The modern CEO values marketing that can say: here is what customers are anxious about, here is what competitors are overclaiming, here is where our story is weak, and here is the whitespace we can own. That kind of strategic intelligence can shape product roadmaps, sales enablement, and board-level growth bets.

3. Better alignment with sales, product, and finance

One reason CEOs lose patience with marketing is that they see disconnects. Marketing launches campaigns sales did not ask for. Product teams ship features that the market does not understand. Finance sees spend but not confidence in returns. The CEO sits at the intersection of those tensions.

What they want instead is cross-functional alignment. They want marketing to improve sales conversations, strengthen product positioning, and make budget decisions easier to defend. When marketing operates as an integrated business partner, trust rises. When it operates in a silo, skepticism grows.

4. A brand that creates pricing power and resilience

Despite the pressure for near-term efficiency, CEOs have not abandoned brand. In fact, many understand that a strong brand lowers customer acquisition friction, improves win rates, and builds resilience during downturns. Research from the IPA’s effectiveness work and long-running analyses by experts associated with marketing effectiveness have repeatedly reinforced the value of balancing long-term brand building with short-term activation.

But CEOs do not want “brand” treated as a vague creative exercise. They want brand investment tied to preference, trust, differentiation, and commercial endurance. In other words, they want branding that matters in the marketplace—not branding as decoration.

5. Faster execution with smarter use of AI and data

The AI wave has changed executive expectations. CEOs now know that content production, analysis, testing, and workflow speed can improve significantly with the right systems. They do not expect miracles, but they do expect progress. If competitors are moving faster through automation, experimentation, and insight generation, the CEO will expect marketing to keep up.

At the same time, many marketing teams are still struggling with disconnected data, unclear governance, and inefficient processes. CEOs want speed with discipline—not uncontrolled tool adoption, but practical gains in productivity and decision quality.

Why Most Marketing Teams Aren’t Delivering

They are reporting activity instead of influence

Perhaps the biggest problem is that many teams still define success in terms of outputs rather than business influence. Campaigns launched, emails sent, events held, social reach achieved—none of these are meaningless, but none of them are enough on their own. CEOs are trying to steer a company, not simply evaluate hustle.

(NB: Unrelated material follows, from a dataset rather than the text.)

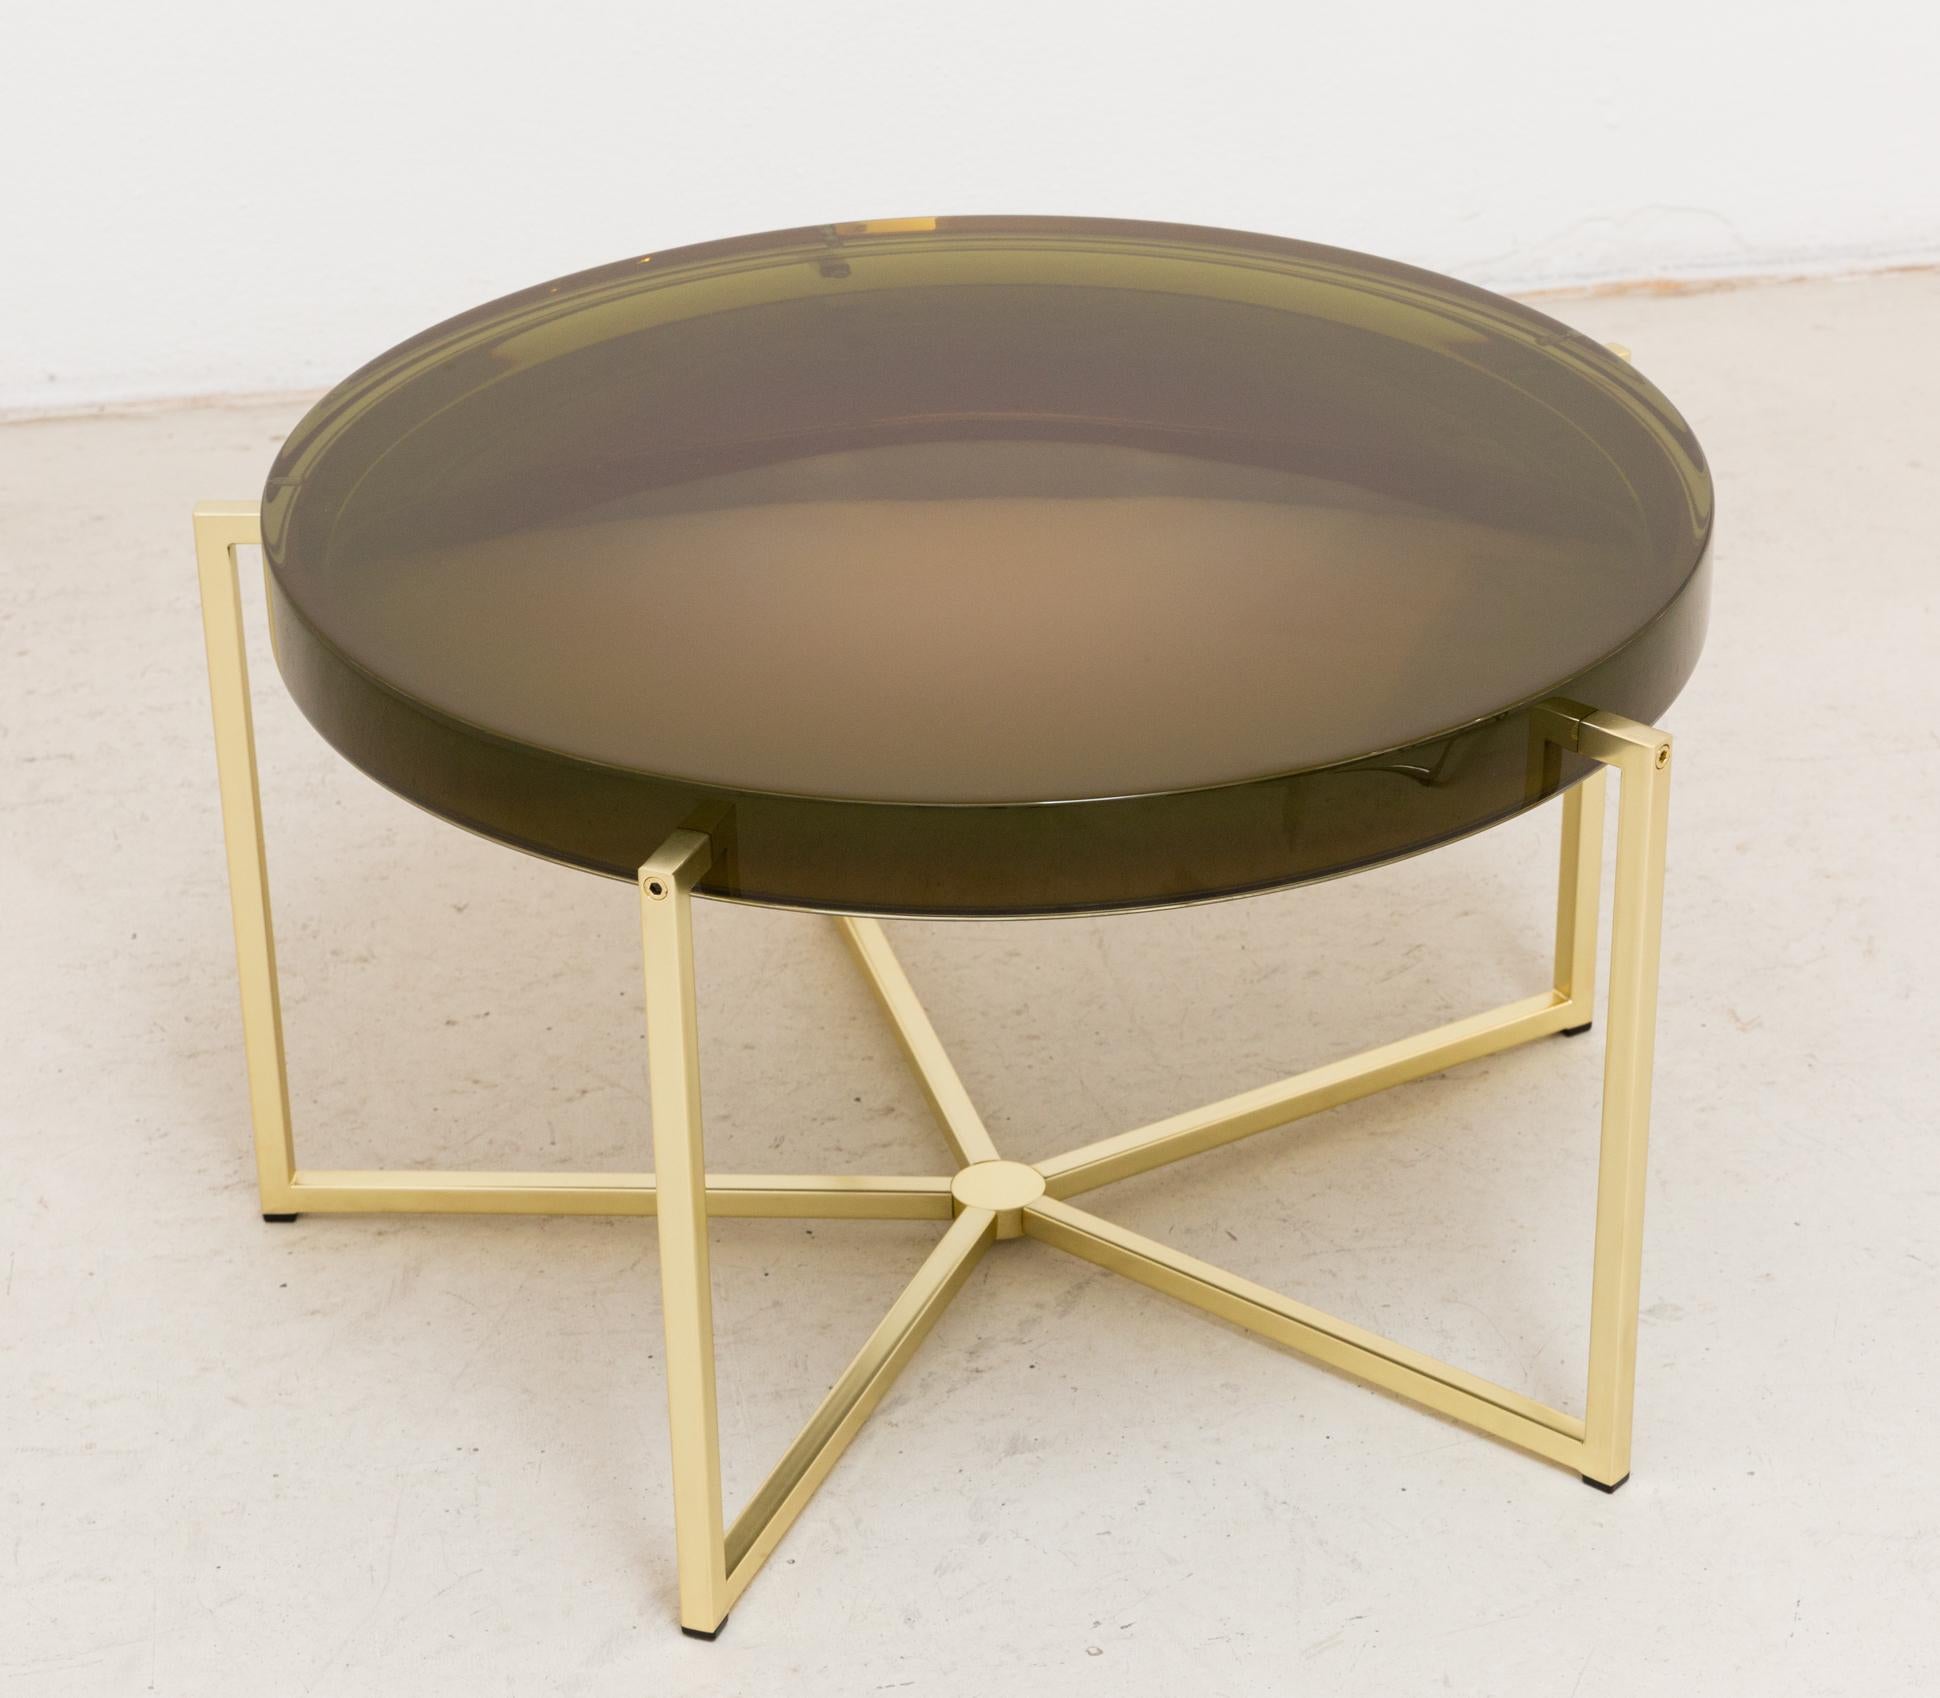 McCollin Bryan Lens table in bottle green. Resin top backed by acrylic mirror on brass base with five legs.

When marketing reports remain disconnected from commercial outcomes, executive confidence erodes. The team may be working hard, even brilliantly, yet appear misaligned because its language does not match the priorities of the leadership team.

They are organized around channels, not customer journeys

In too many organizations, paid media, content, web, brand, operations, product marketing, and lifecycle sit beside each other rather than around the customer. This can create fragmented experiences and inefficient spending. Buyers do not experience a company as internal departments. They experience one brand, one value proposition, one journey.

CEOs notice when that journey breaks down—especially when acquisition rises but conversion or retention lags.

They lack credible measurement frameworks

Attribution is still hard. Multi-touch journeys, privacy changes, dark social influence, offline effects, channel overlap, and long sales cycles all complicate measurement. But complexity is not an excuse for weak rigor. CEOs can tolerate imperfect measurement more than they can tolerate unclear thinking.

The strongest teams build a measurement model that combines attribution, media mix insight, pipeline analysis, cohort behavior, conversion quality, and customer economics. The weakest teams keep promising certainty they cannot produce.